Student Organization Accounts will close by the end of next month due to the implementation of a 2016 Student Organization policy.
With the policy, numerous changes affect university organizations and clubs’ operations. In addition to Student Organization Accounts closing, the policy changed the definitions of student organizations and clarified the role of advisers.
SOA Accounts closing
The Student Organization Accounts service provided bookkeeping and financial services for student organizations. This service ending has created the need for a business account for student organizations, said Jim Johnson, Student Involvement and Leadership Center associate director. Students now have to attach a Social Security Number to accounts at a bank they choose.
Students have to close accounts by April 1 through either zeroing the balance or moving funds to an external account and filling out an account closure form, Johnson said. By that deadline, the form and all payment requests or extension requests must be filled out.
Johnson said the final payments request must be submitted by April 17, and the final check must be picked up by April 30. If an organization expects funding after the April 1 deadline, it can request an extension but should still fill out an account closure form.
Student organization definitions
University entities are now defined as three types of student organizations: nonregistered, university and self-governed.
Johnson said university student organizations are part of IU and subject to all policies.
Self-governed student organizations are independent and free to exist at any time. SGSO leaders and advisers are responsible for all conduct and activity.
Self-governed student organizations can also be split further into different categories such as unincorporated nonprofit associations and nonprofit corporations. Johnson said nonprofit corporations must establish themselves through the Indiana Secretary of State and can gain federal tax exemption.
Becoming a nonprofit corporation shouldn’t be pursued lightly, Johnson said. Nonprofit corporations need to file multiple forms and formal business records must be maintained. Boards of directors have to be created, and financial records have to be sent in as well.

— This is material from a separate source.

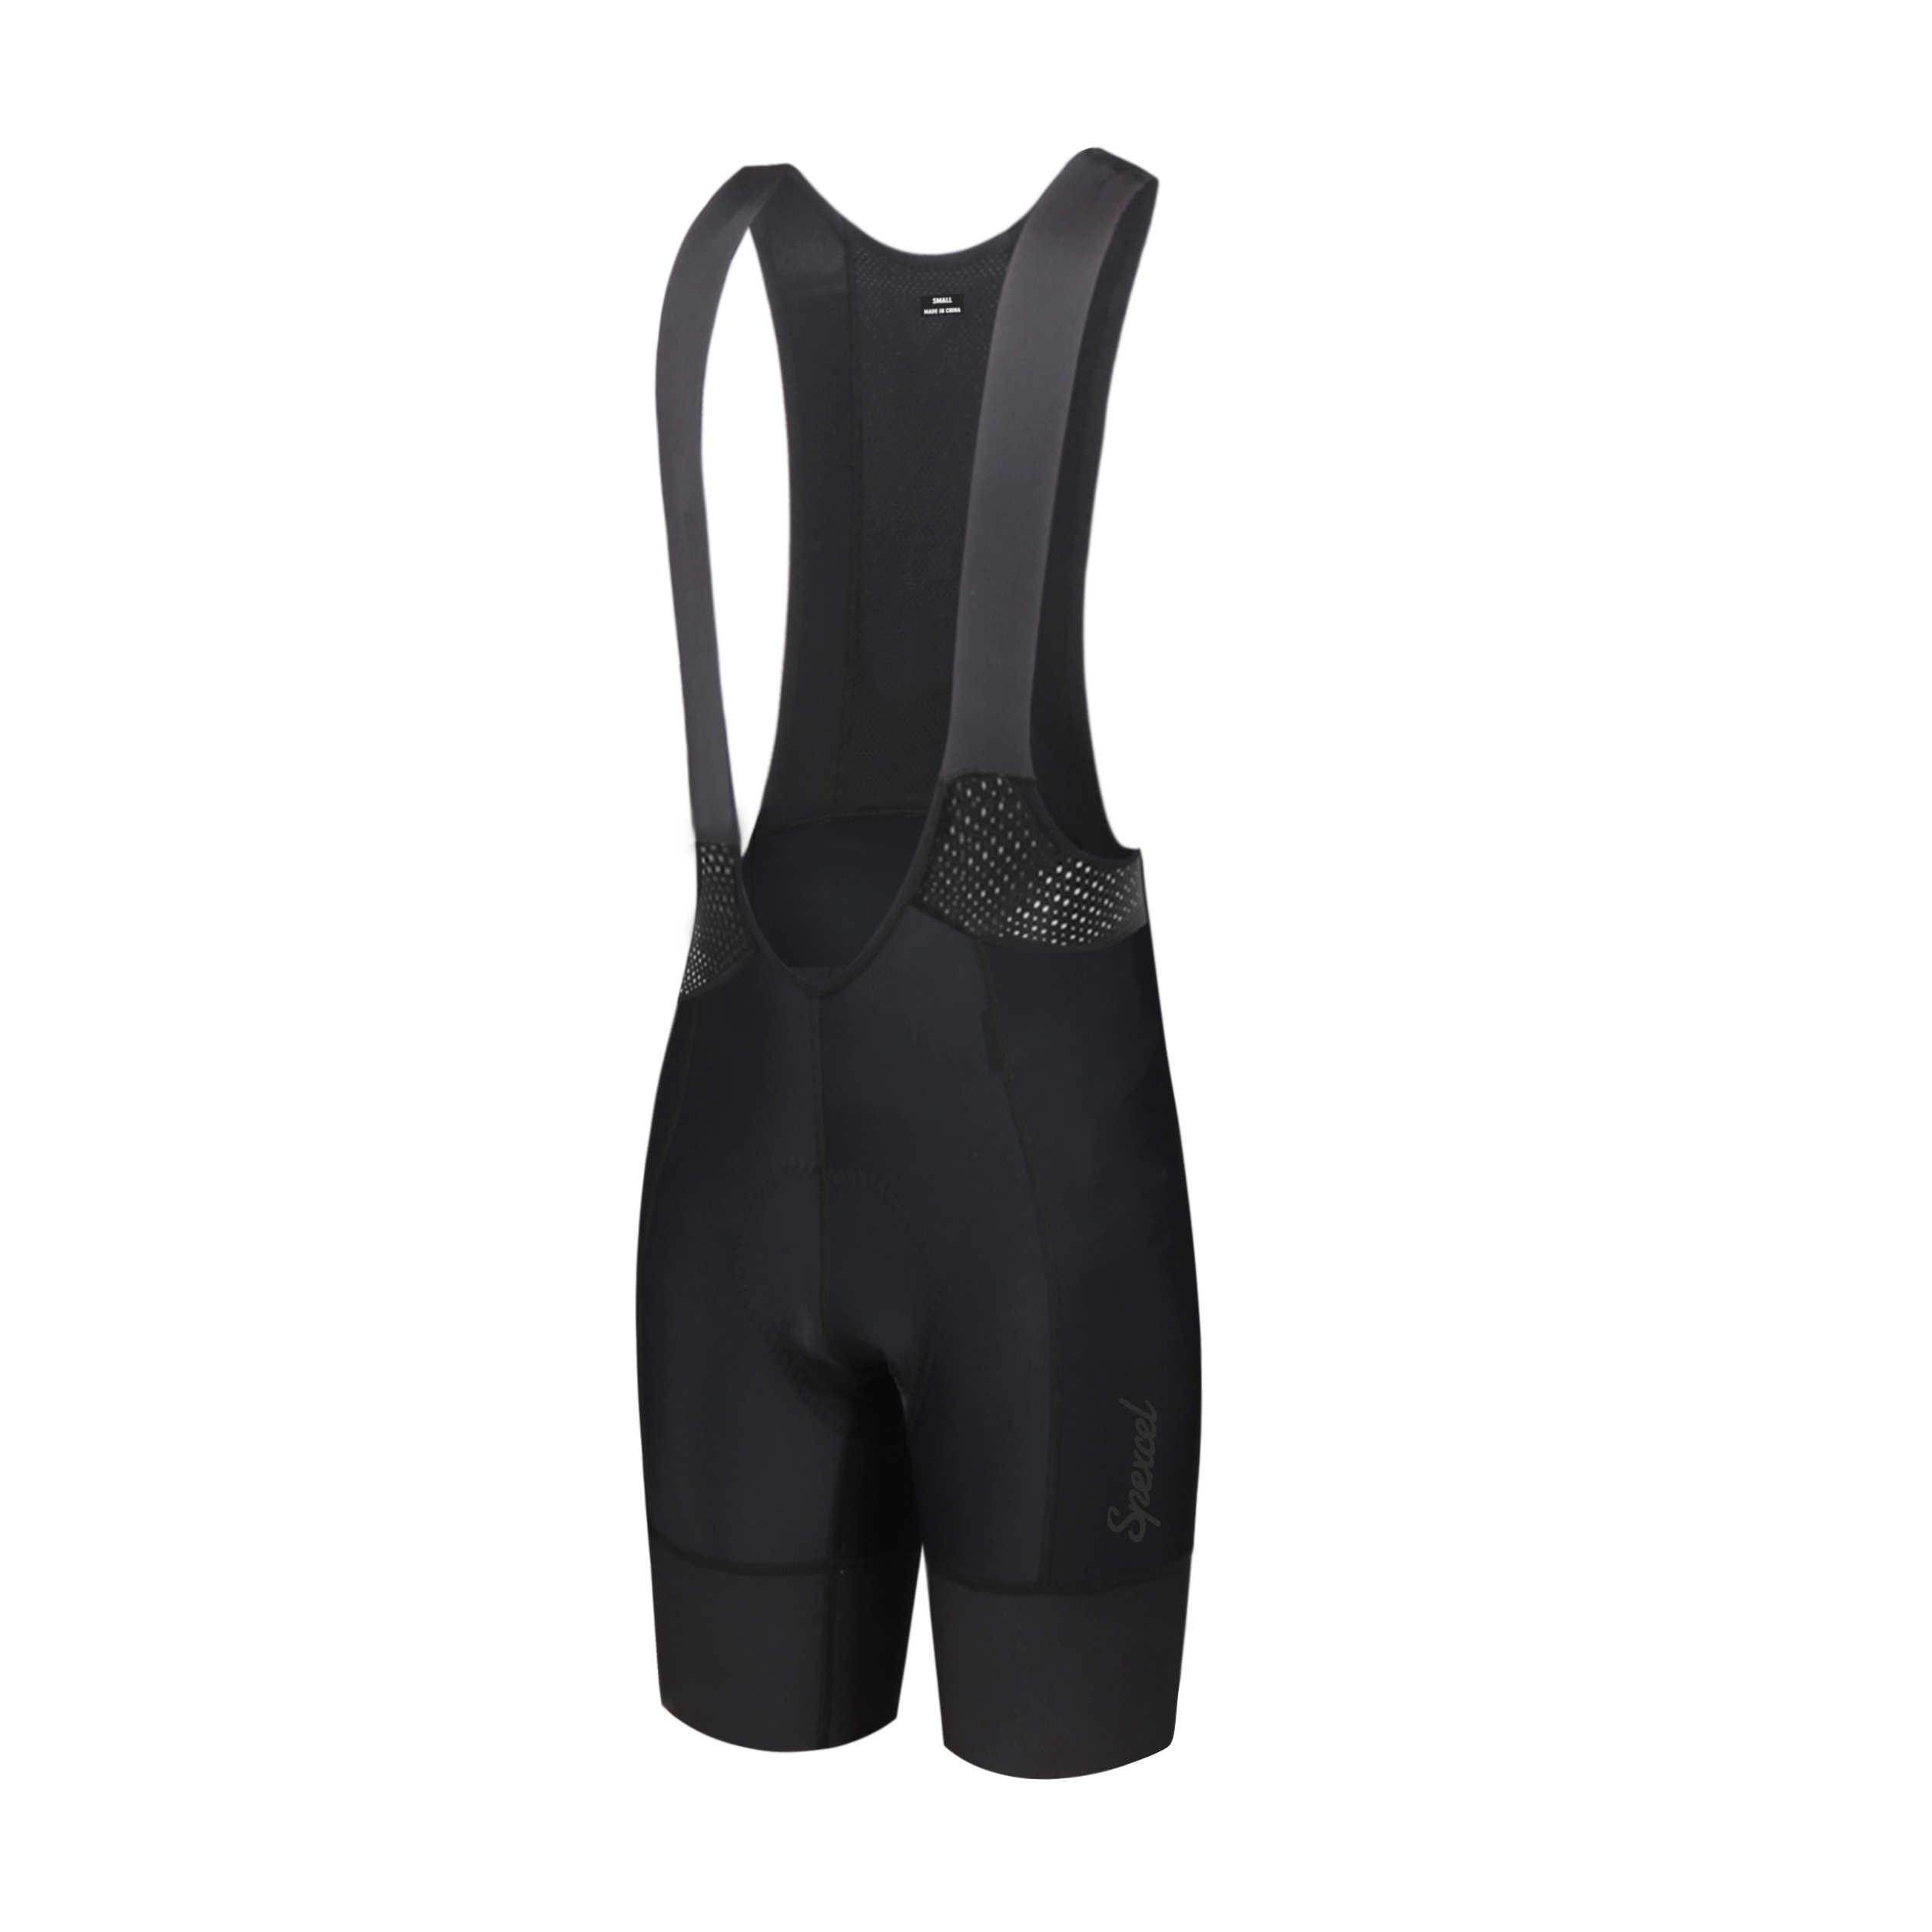 YKYWBIKE new men bib shorts Cycling Clothing Strap bib shorts Bicycle shorts

If a student organization is interested in becoming a nonprofit corporation, then it must choose a name, draft bylaws and decide on initial incorporators, among other needs. It then has to file Articles of Incorporation with the Indiana Secretary of State. It may also look into filing the Nonprofit Application for Sales Tax Exemption.
Other changes are clarifying the role of an adviser.
The relationship between student and advisers in control of organizations used to be murky. Now, however, Johnson said the new policy gives students more explicit power over their organizations.
They are supposed to provide advice, but not act as supervisors for a student organization, the policy said.